The Fix: Know your definitions.
- 99605 (New Patient): Use this for the first 15 minutes of an MTM service provided to a patient you have never seen for MTM before (or haven’t seen in 3 years).
- 99606 (Established Patient): Use this for the first 15 minutes of an MTM service for a patient who has received MTM from you in the past 3 years.
- 99607 (Add-on): Use this for each additional 15 minutes.
Pro-Tip: Most of your patients are “Established” because they fill prescriptions with you. Be conservative. If you bill 99605 for a patient who has been filling with you for a decade, you are inviting an audit.
Pitfall #3: The “15-Minute” Rule (Undervaluing Your Time)
Pharmacists are humble. We often rush through a consult or under-report our time because we don’t want to “overcharge.”
The Mistake: You spend 25 minutes with a patient but only bill for the base 15 minutes (99606). The Reality: You are literally throwing money away.
The Fix: Medication therapy management is a time-based service.
- If you spend 1-15 minutes: Bill 99606.
- If you spend 16-30 minutes: Bill 99606 AND 99607.
- If you spend 31-45 minutes: Bill 99606 AND 99607 (x2 units).
Track your time religiously. If you did the work, bill for it.
Pitfall #4: The “If It Wasn’t Written Down…” (Documentation Failures)
In the PBM world, the “proof” is the signature on the log. In the medical billing world, the “proof” is the SOAP note.

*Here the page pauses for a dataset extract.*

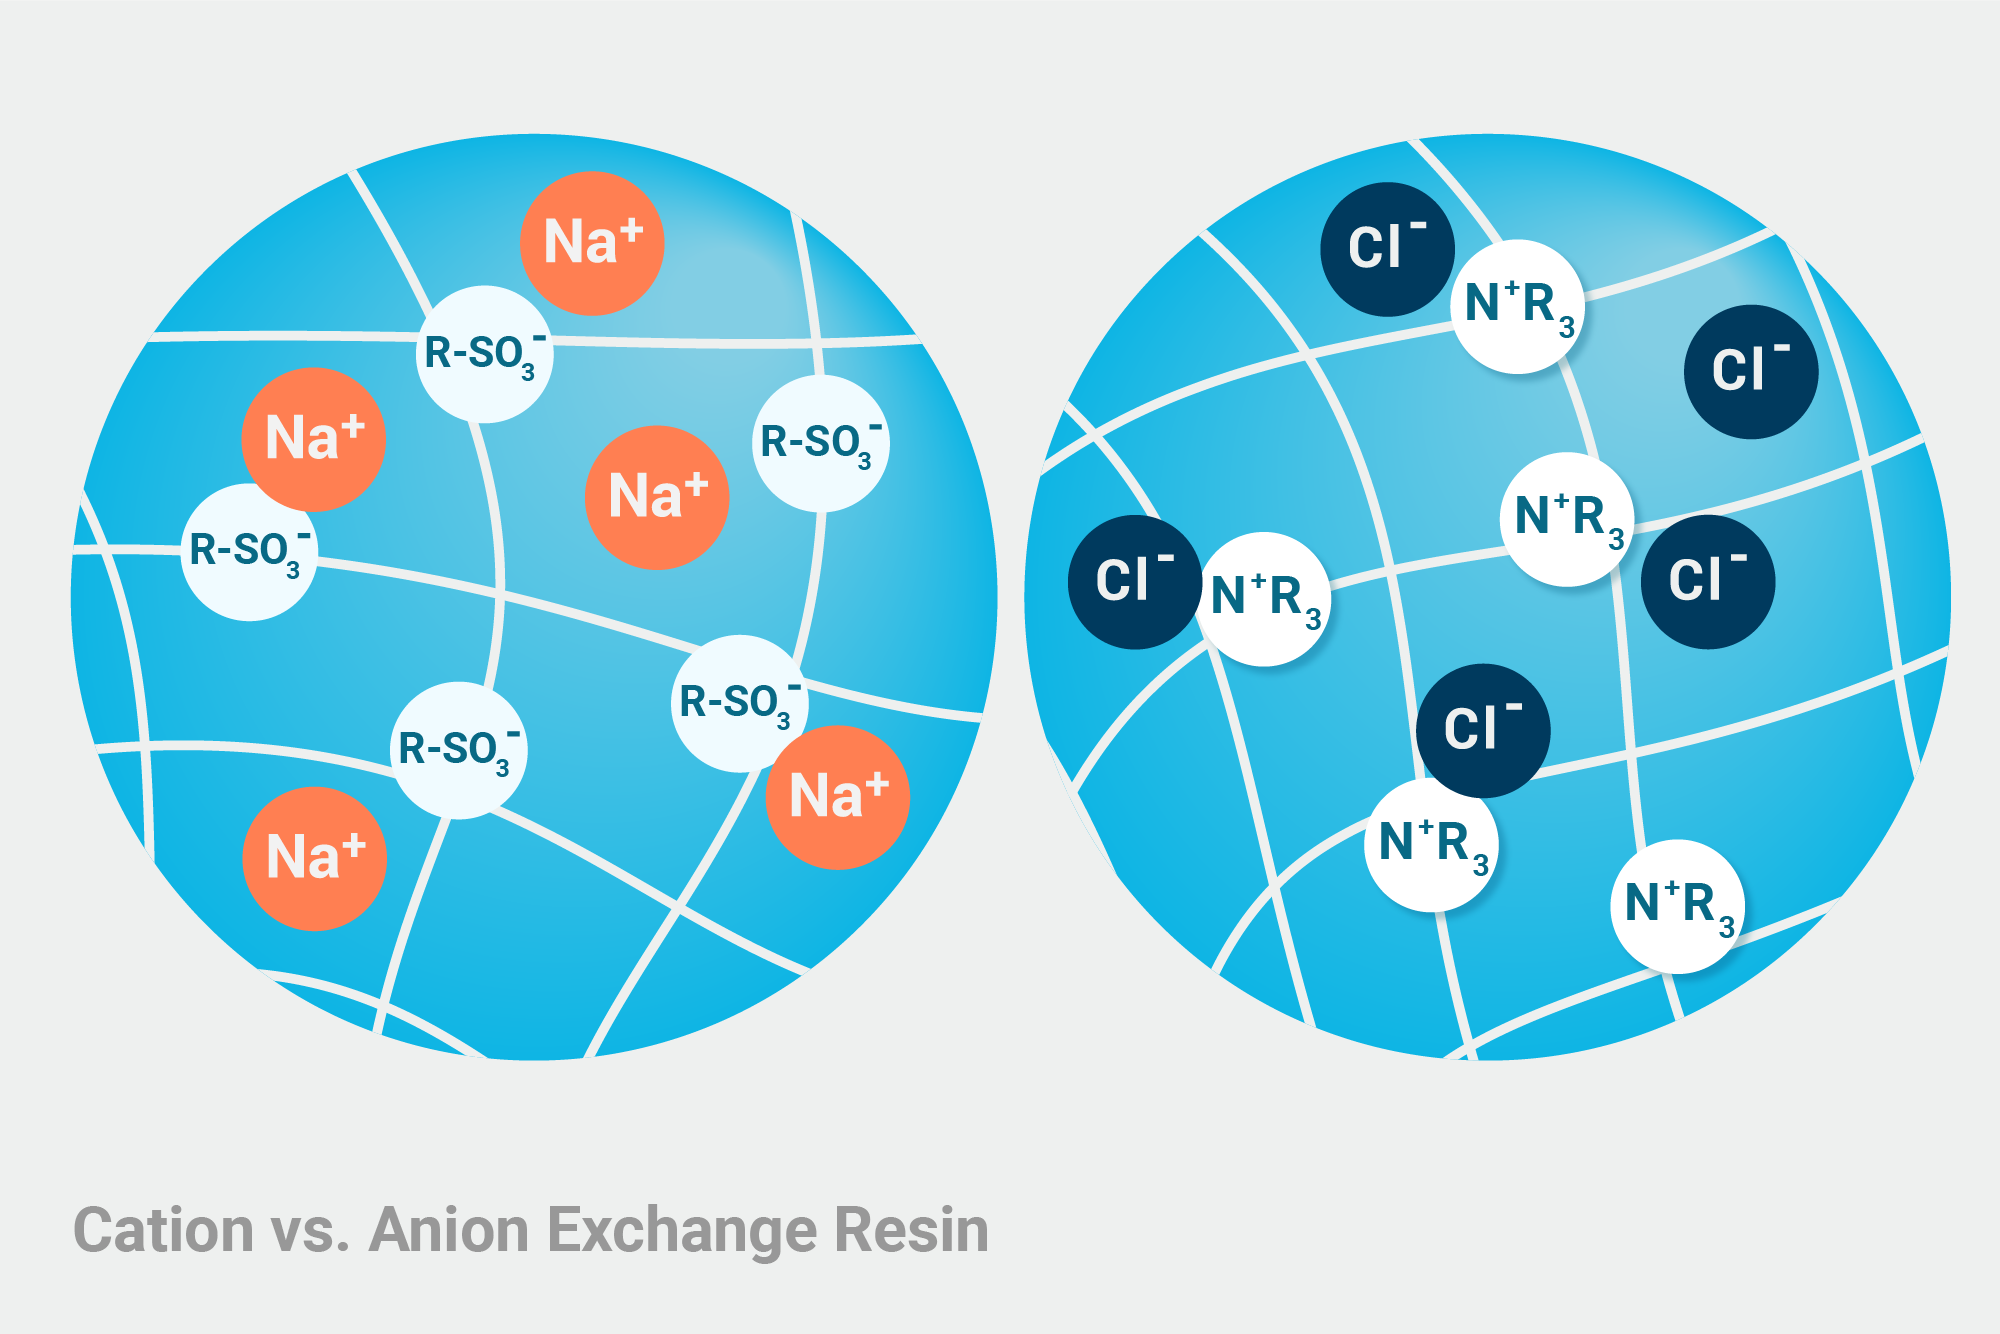 Cation versus Anion Exchange

The Mistake: You perform a great CMR (Comprehensive Medication Review), fix three problems, but your documentation is just a vague note saying “Patient counseled on adherence.” The Consequence: If you are audited, that claim will be clawed back. 100% of the time.
The Fix: Every billable MTM encounter requires a formal SOAP note:
- S (Subjective): What the patient told you (“I forget to take my evening pills”).

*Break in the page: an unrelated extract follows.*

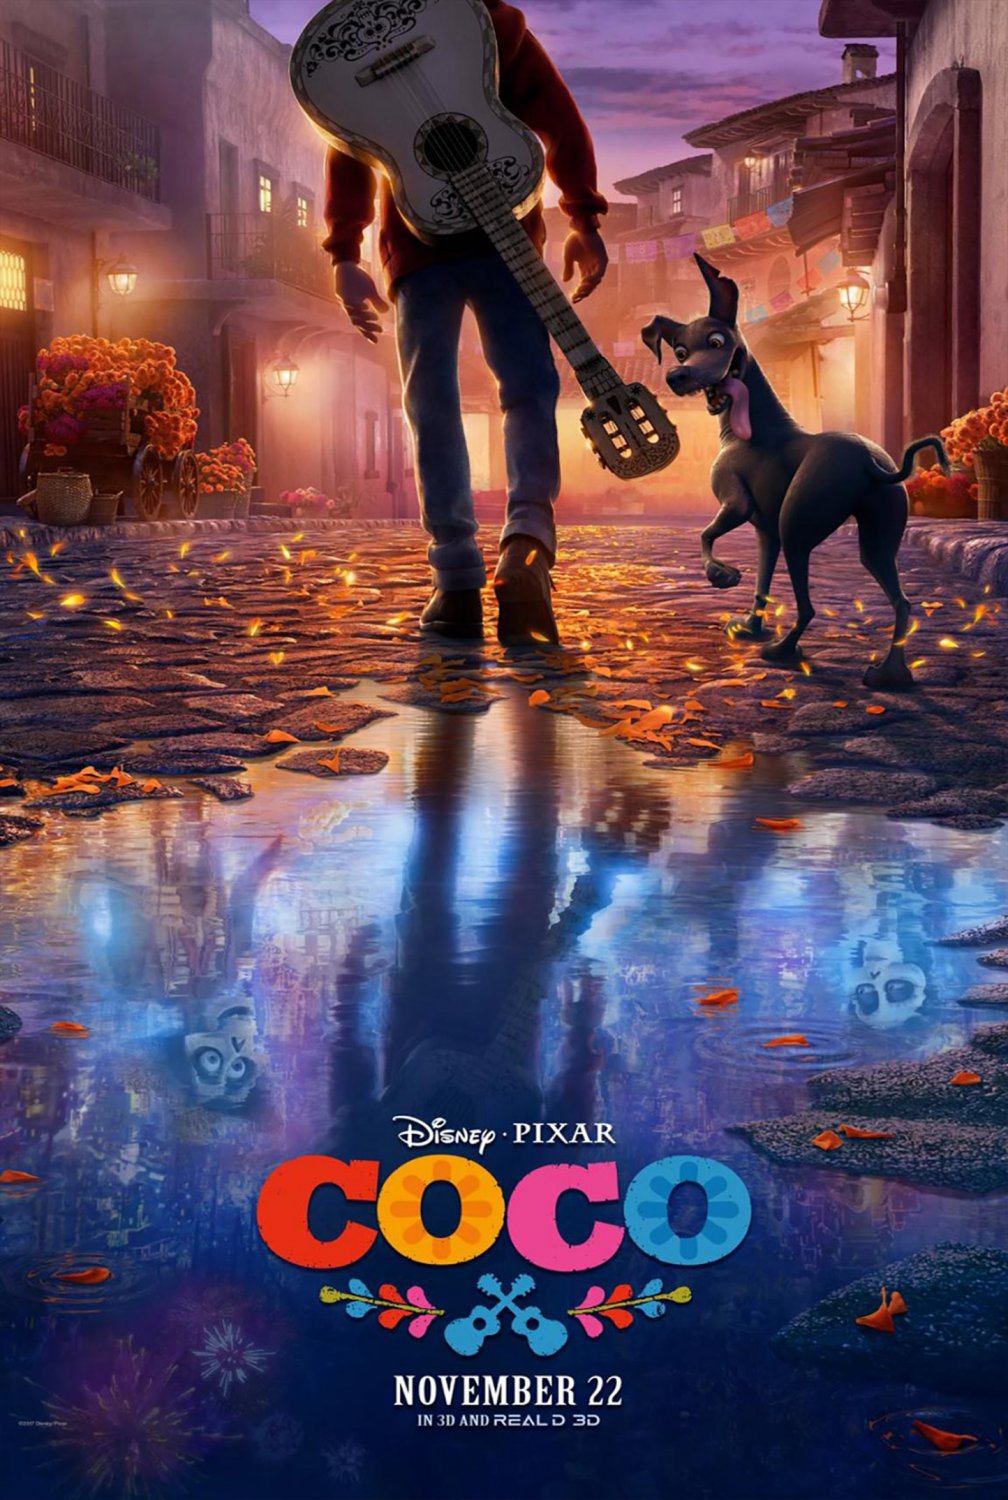 Coco Movie  13"x19" (32cm/49cm) Poster

- O (Objective): What you observed (Blood pressure 140/90, Refill history shows gaps).
- A (Assessment): Your clinical judgment (Non-adherence due to complexity).
- P (Plan): What you did (Synced meds, educated patient, sent fax to MD).
Without the SOAP note, the service didn’t happen.
Pitfall #5: Billing for “Incidental” Counseling
This is a tricky gray area. You cannot bill MTM for the mandatory counseling required by OBRA ’90 (the standard “do you have any questions?” at pickup).
The Mistake: Billing a medical claim for a routine counseling session during a standard refill pickup.
The Fix: MTM’s must be distinct, separately identifiable services.
- Schedule it: The best way to prove this is separate is to schedule it as an appointment.
- Face-to-Face: While some telehealth is allowed, face-to-face is the gold standard for initial assessments.
- Identify a Problem: The service must be medically necessary. You are identifying a problem (or potential problem) in their therapy, not just handing them a bag.
Pitfall #6: Giving Up After the First Denial
Medical billing is different from pharmacy billing. When a drug claim rejects, you fix it in 30 seconds. When a medical claim rejects, it can take weeks to figure out why.
The Mistake: Treating a rejected claim as a “loss” and moving on. The Reality: A rejection is just a request for more information.
The Fix: You need a process for “Denial Management.”
- Did you miss a modifier? (Check our article on Common Billing Coding Mistakes).
- Is the diagnosis code (ICD-10) valid?
- Is the patient actually covered?
Don’t let administrative fatigue rob you of revenue.
You Don’t Have to Navigate This Alone
Avoiding these pitfalls requires a shift in mindset. You have to stop thinking like a dispenser and start thinking like a provider.
The potential for MTM outcomes—both for your patient’s health and your pharmacy’s bottom line—is massive. But the administrative burden of billing shouldn’t be the reason you stop providing care.
Whether you handle this in-house or partner with experts, mastering the billing process is the key to unlocking the future of your pharmacy.